Rabu, 22 Agustus 2018

IA JUGA SEORANG AYAH

Perempuan itu menginginkan seorang atau dua atau tiga anak. Tak dipilih dengan pasti apakah mesti perempuan atau lelaki. Perempuan itu ingin dan makin ingin seperti tiap keinginan yang tak kunjung padam. Sejak kawin mungkin, atau jauh sebelumnya, sampai tahun-tahun pertama perkawinannya, dan kini di ulang tahun yang kesekian belas. Keinginan itu kian membesar dan rasa-rasanya kian dekat.
Kemudian pendekatan yang keselanjutnya ialah dengan mengambil seorang anak angkat perempuan. Sejak si bayi masih dalam kandungan ibu kandungnya, perempuan itu telah memintanya.
“Aku ingin punya anak.”
Dalam tahun kedua, diambilnya lagi adik bayi perempuan – yang juga perempuan, sebagai anaknya. Dan karena saat itu suaminya masih aktif sebagai tentara, anaknya mendapat jatah beras. Juga pada kelahiran ketiga – sekarang lelaki, dan kelahiran keempat – perempuan lagi.

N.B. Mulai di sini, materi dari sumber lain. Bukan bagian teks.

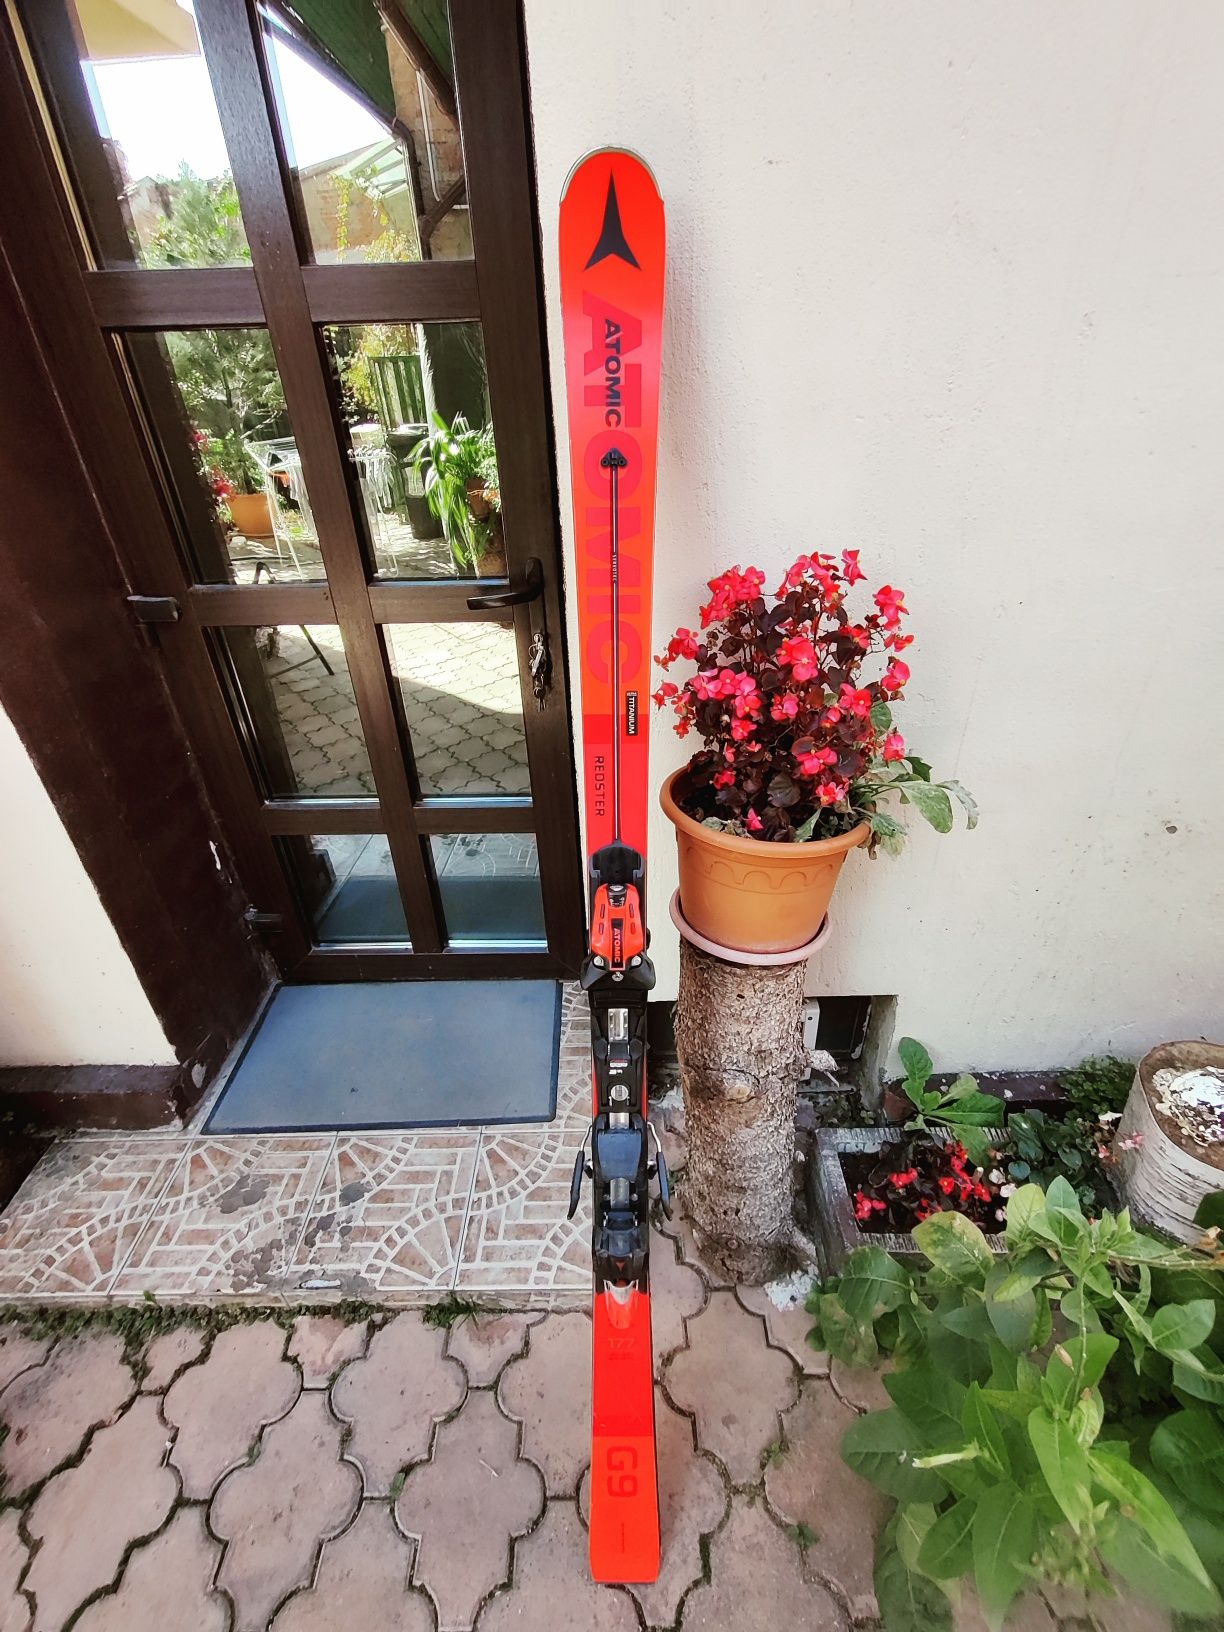 Skiuri atomic G9, 1,77 model 2019 REDSTER, legături Atomic Originale

“Kau tak keberatan aku mengambil anak, Mas!”
“Tentu saja tidak. Mengapa berkeberatan. Itu malahan meringankan keinginan kita berdua.”

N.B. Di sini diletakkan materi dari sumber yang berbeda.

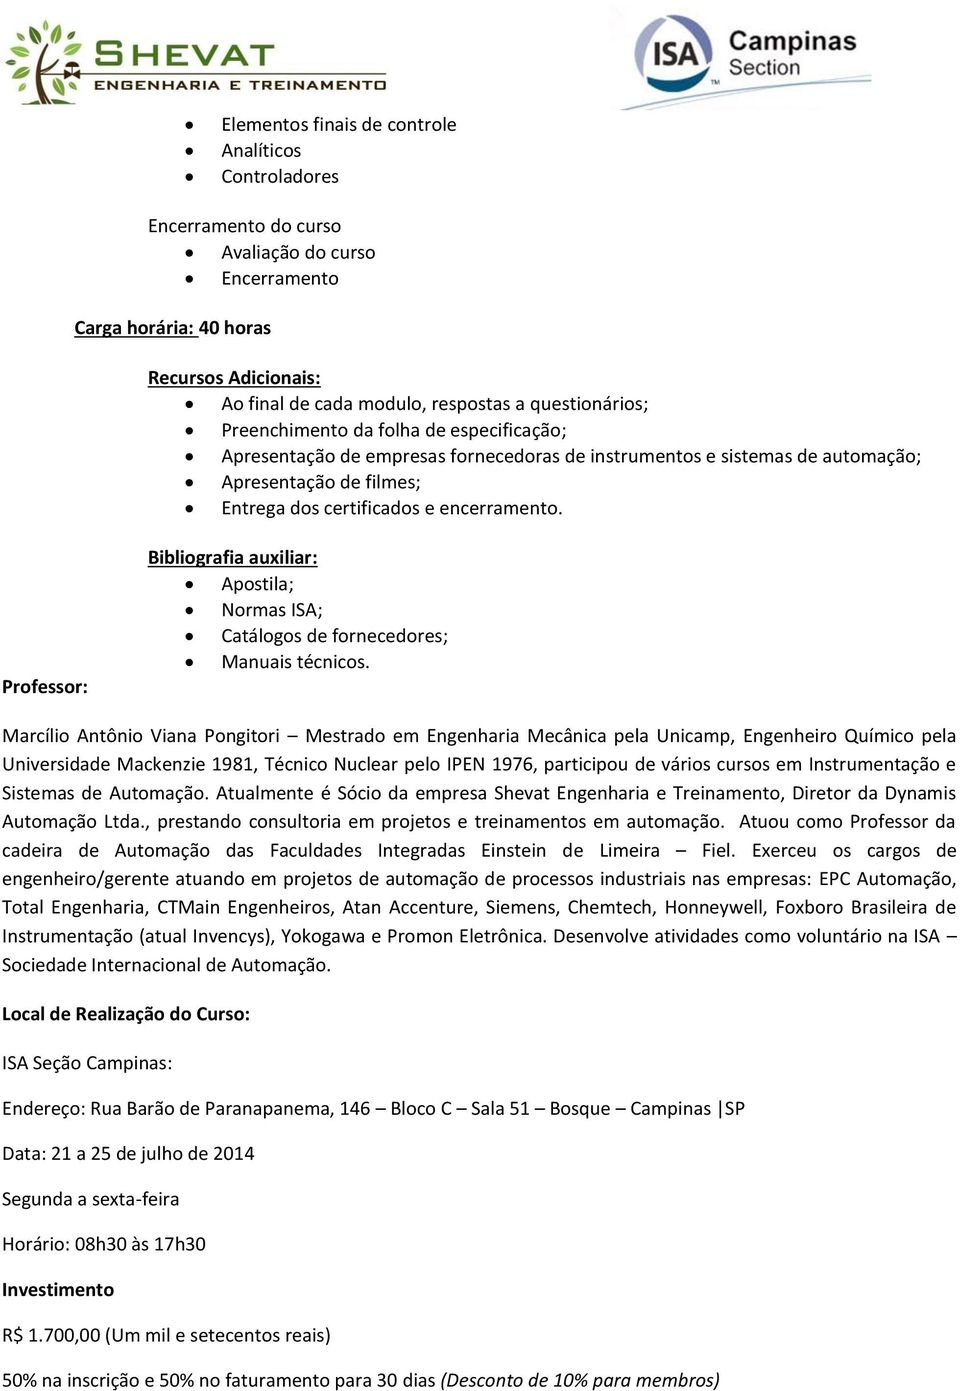 Professor: Bibliografia auxiliar: Apostila; Normas ISA; Catálogos de fornecedores; Manuais técnicos.

Dan bila keempat anak kecil berbaring berjajar seperti ikan dalam kaleng, perempuan itu menjahit baju anak-anak.
“Kita bakalan punya anak sendiri ya, Mas!”
“Lebih bakal lagi karena kita telah mengambil anak.”
Anak mereka yang kelima, diberikan oleh keluarga dekat mereka yang anaknya sudah cukup banyak. Ini anak kelima belas yang menjadi anak angkatnya yang kelima. Perempuan itu menggulawentah seperti anaknya sendiri. Bahkan ketika pertama mengambil bayi itu, perempuan itu memakai pilis, memakai param dan berlaku seolah baru saja melahirkan. Mengganti popok sebanyak bayinya kencing, menyanyikan lagu-lagu penidur sebanyak bayinya menangis, menyuapi selama bayinya mau, dan bercerita pada sebanyak tetangga yang datang, dengan penuh kebanggaan, dengan penuh kerinduan. Pun suami perempuan itu terus bekerja dari pagi-pagi hingga sore, untuk membeli beras, serta satu stel pakaian pada hari raya untuk anak-anak yang mulai berangkat dewasa. Sejak keluar dari tentara (suami perempuan itu minta keluar dari tentara, karena tak tahan melihat tentara ngobyek. Ini terjadi di sekitar permulaan tahun lima puluh sekian. Sehingga suami itu tak menerima pensiun meskipun memiliki tanda pengharaan), dan masuk sebagai buruh-buruh lainnya.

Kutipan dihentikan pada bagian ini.